- DATASET SECTION

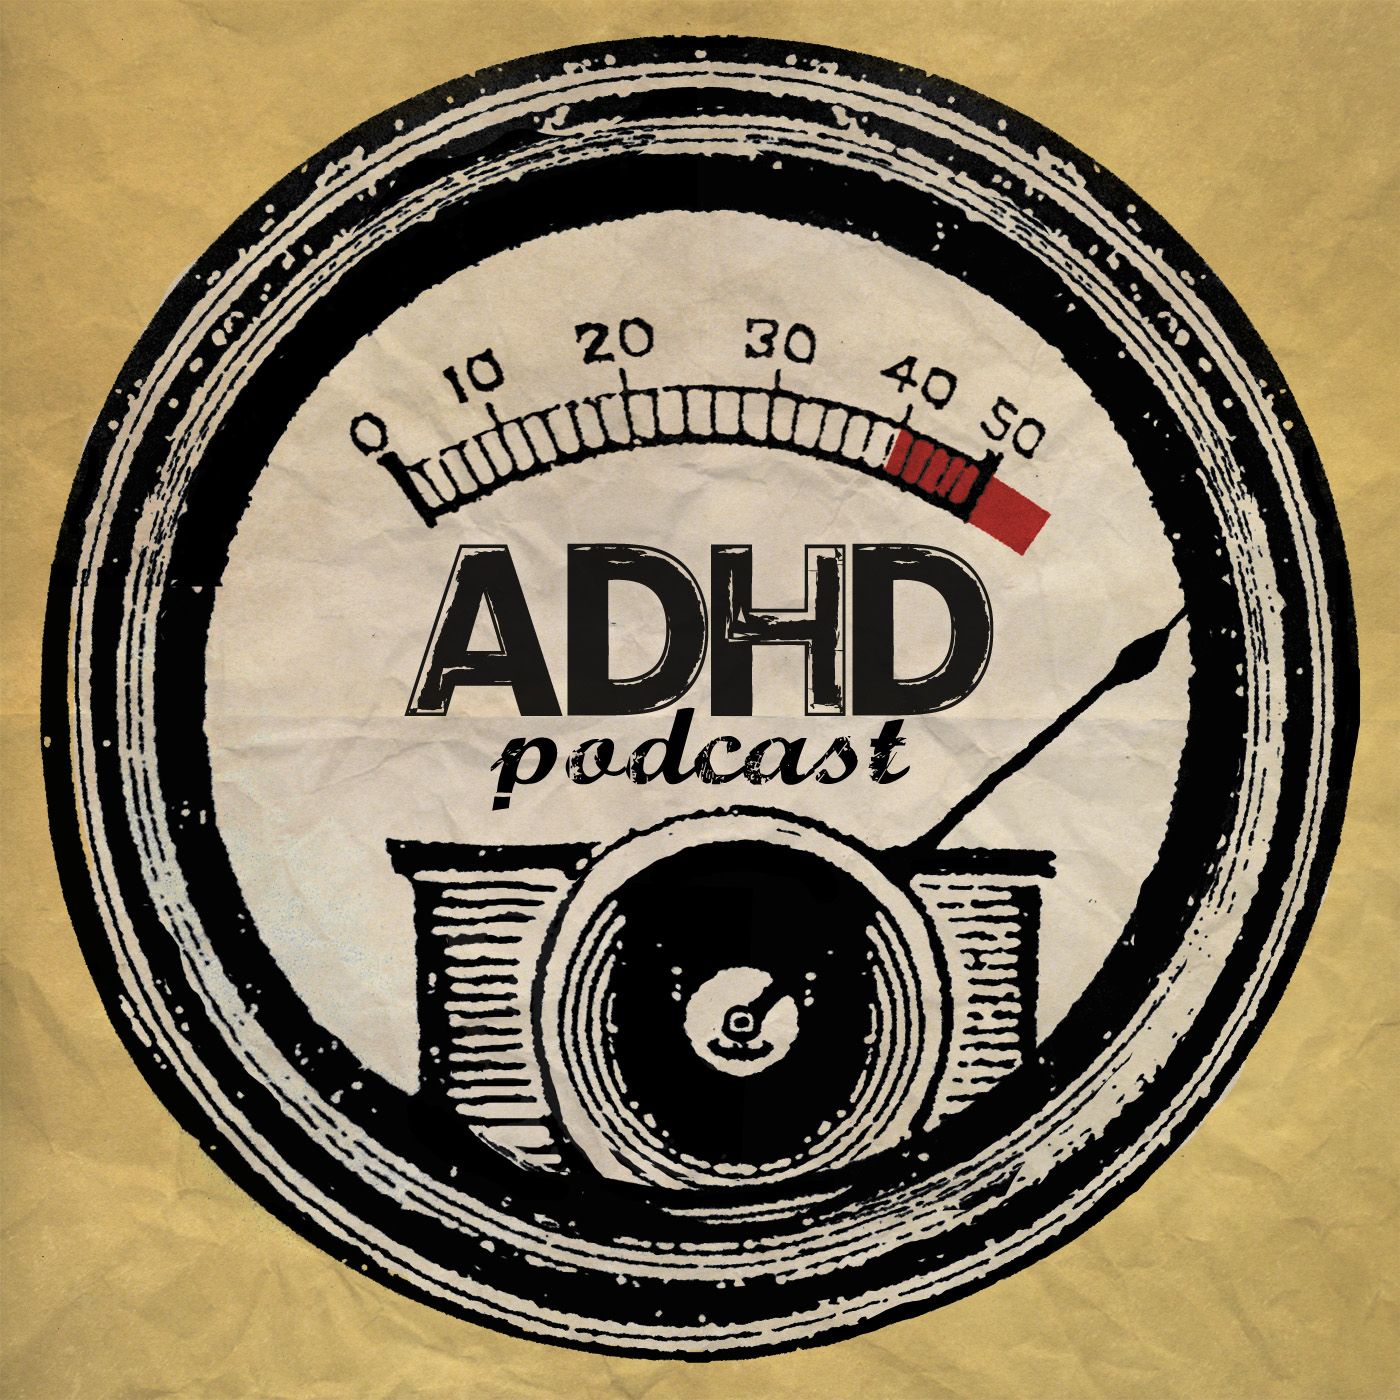 ADHDcast show art
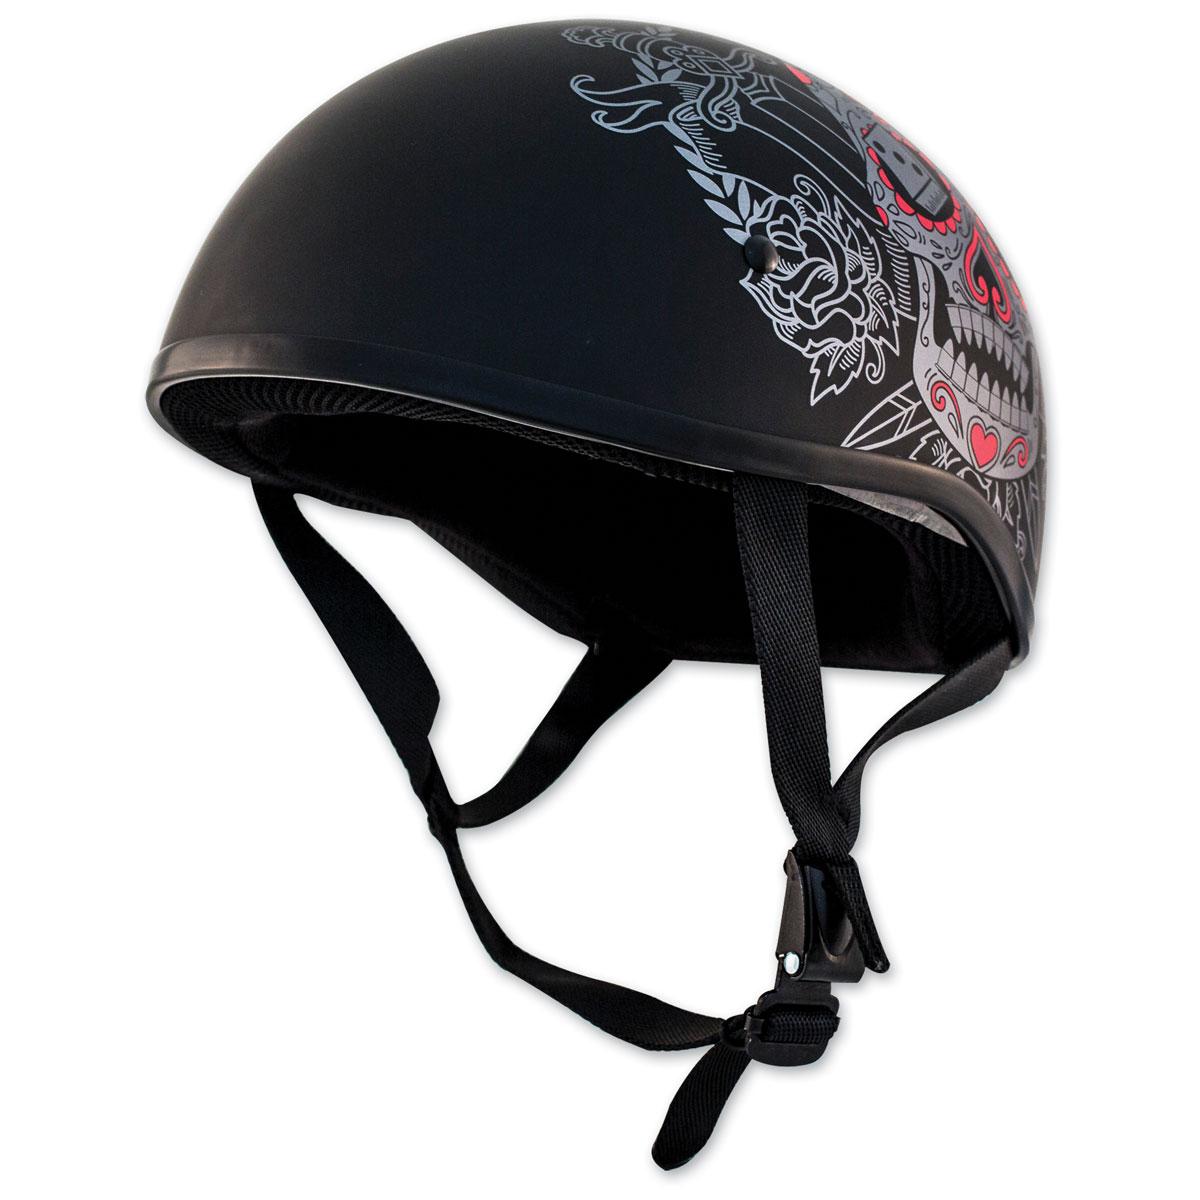 ZOX Helmet | eBay
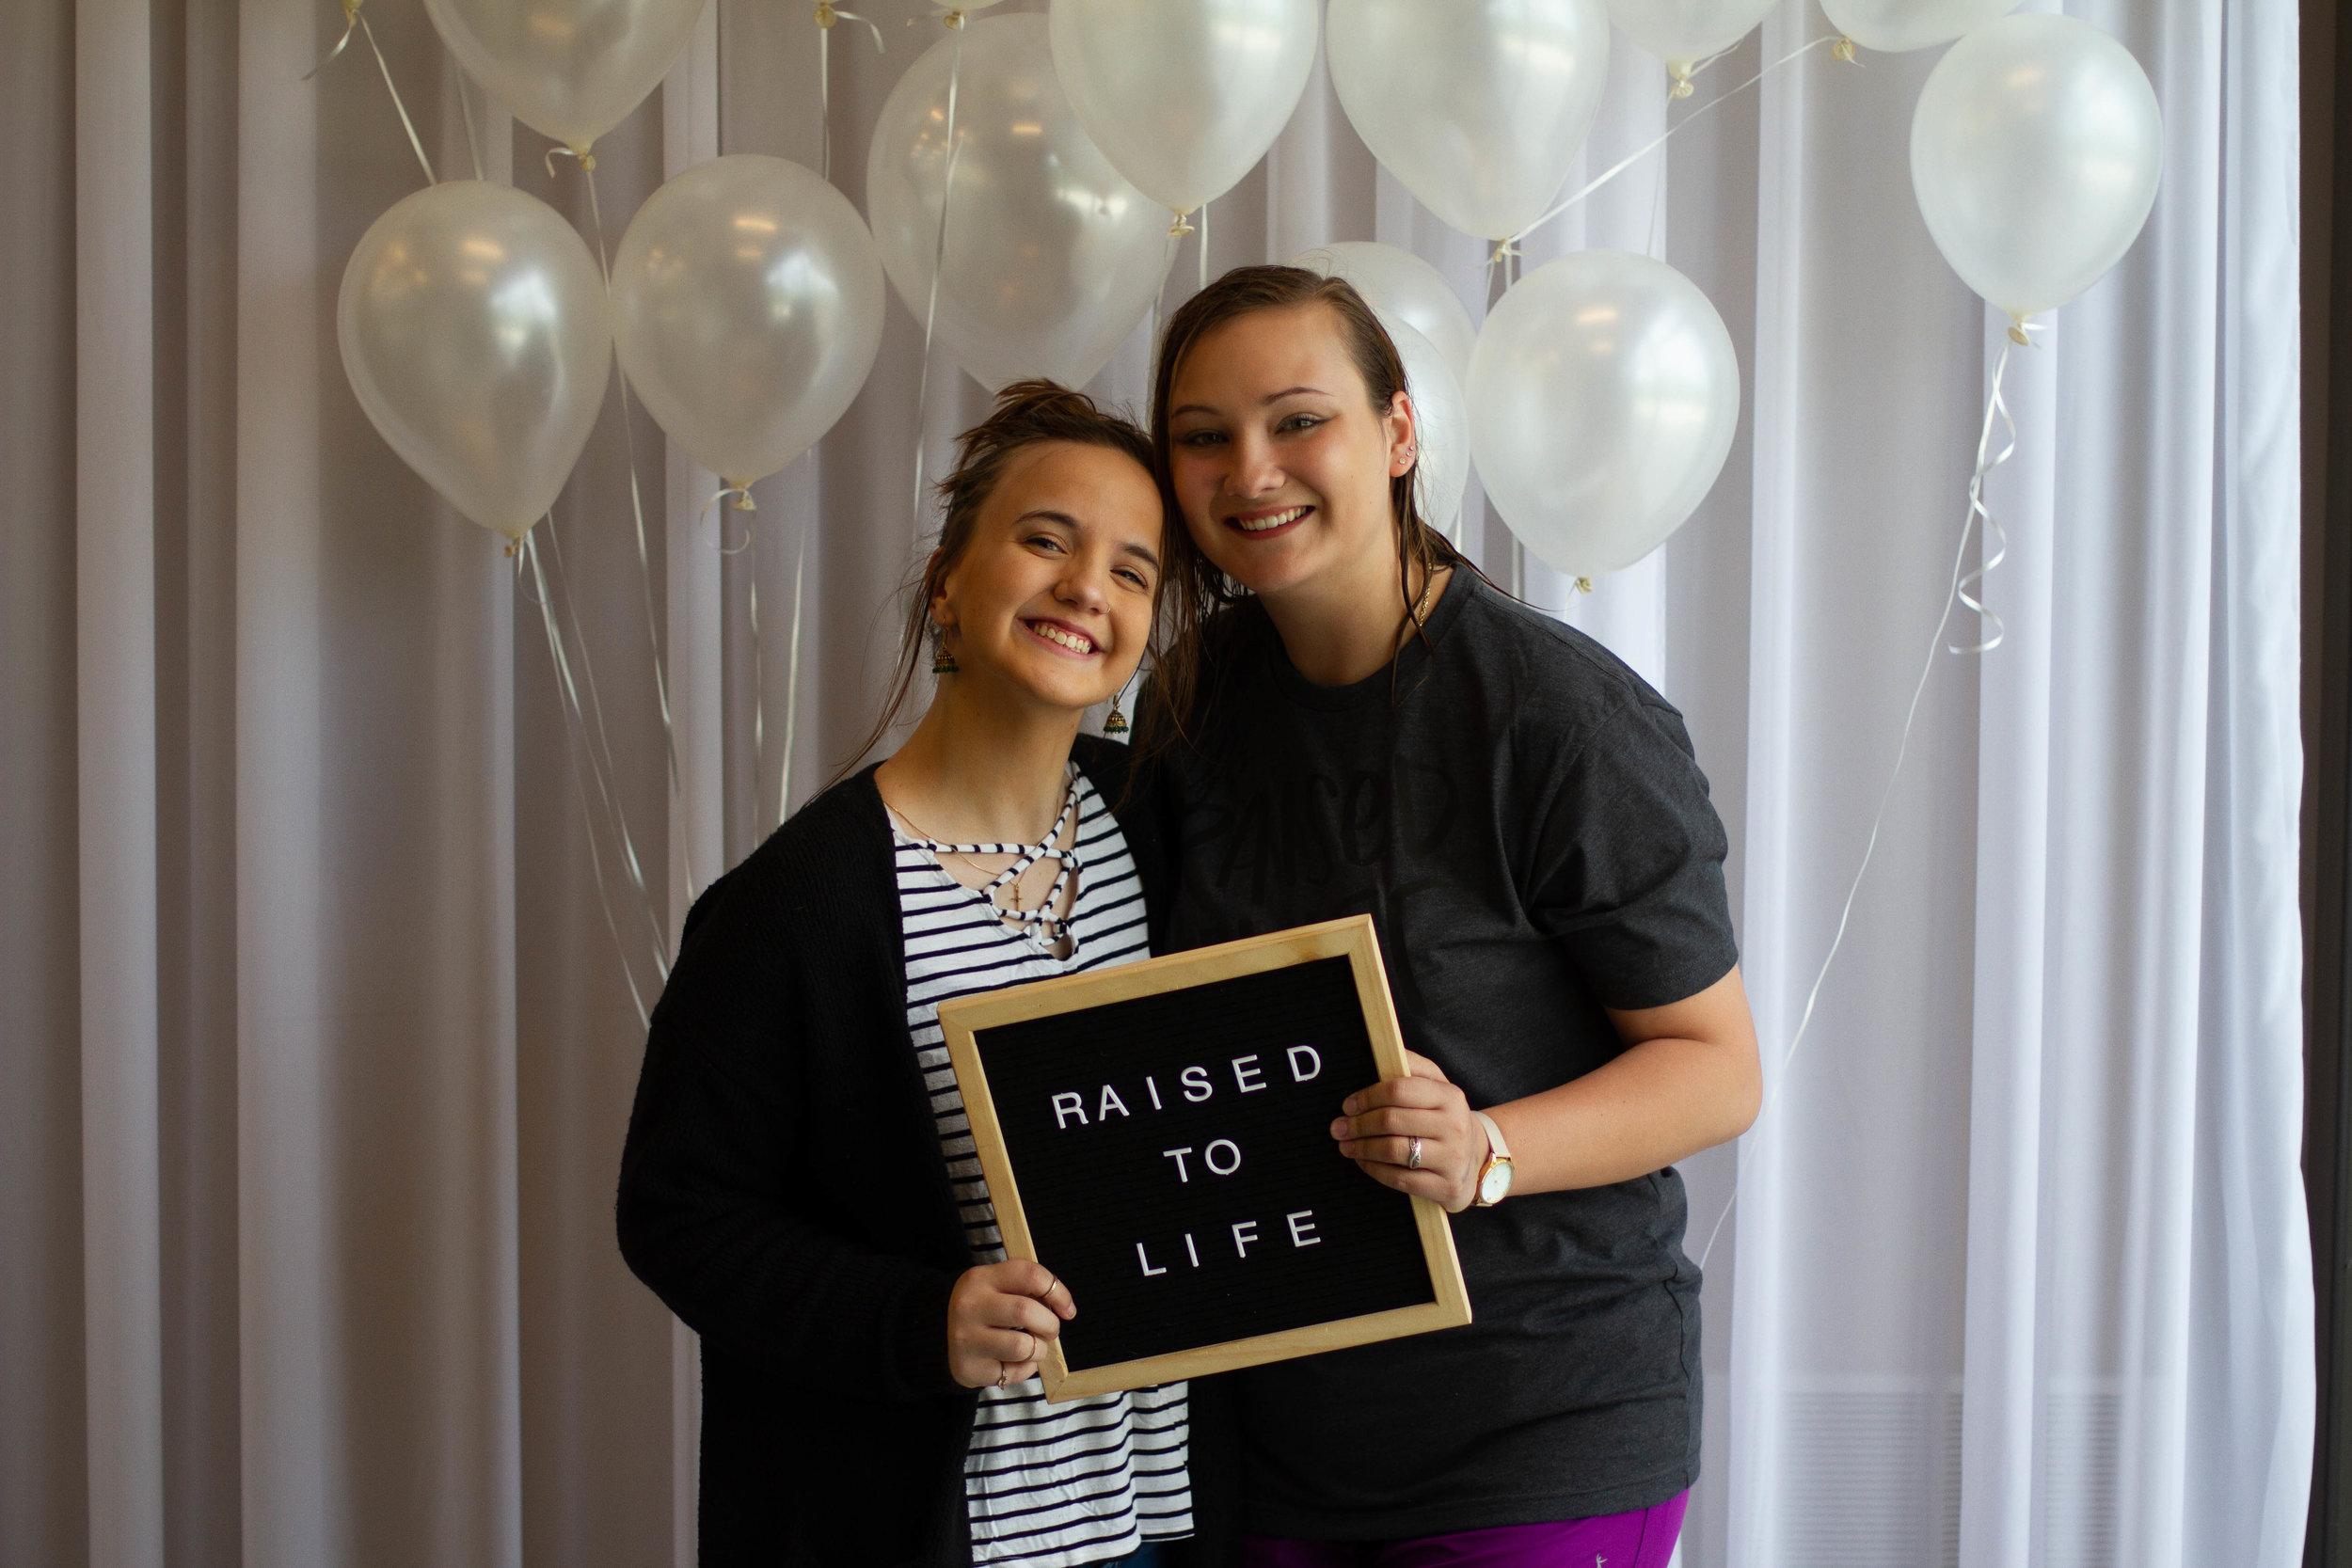 Raised to life Baptisms-13.jpg

- DIRECTIONS
Output each line above exactly. Skip the images.

- ANSWER
 ADHDcast show art
 ZOX Helmet | eBay
 Raised to life Baptisms-13.jpg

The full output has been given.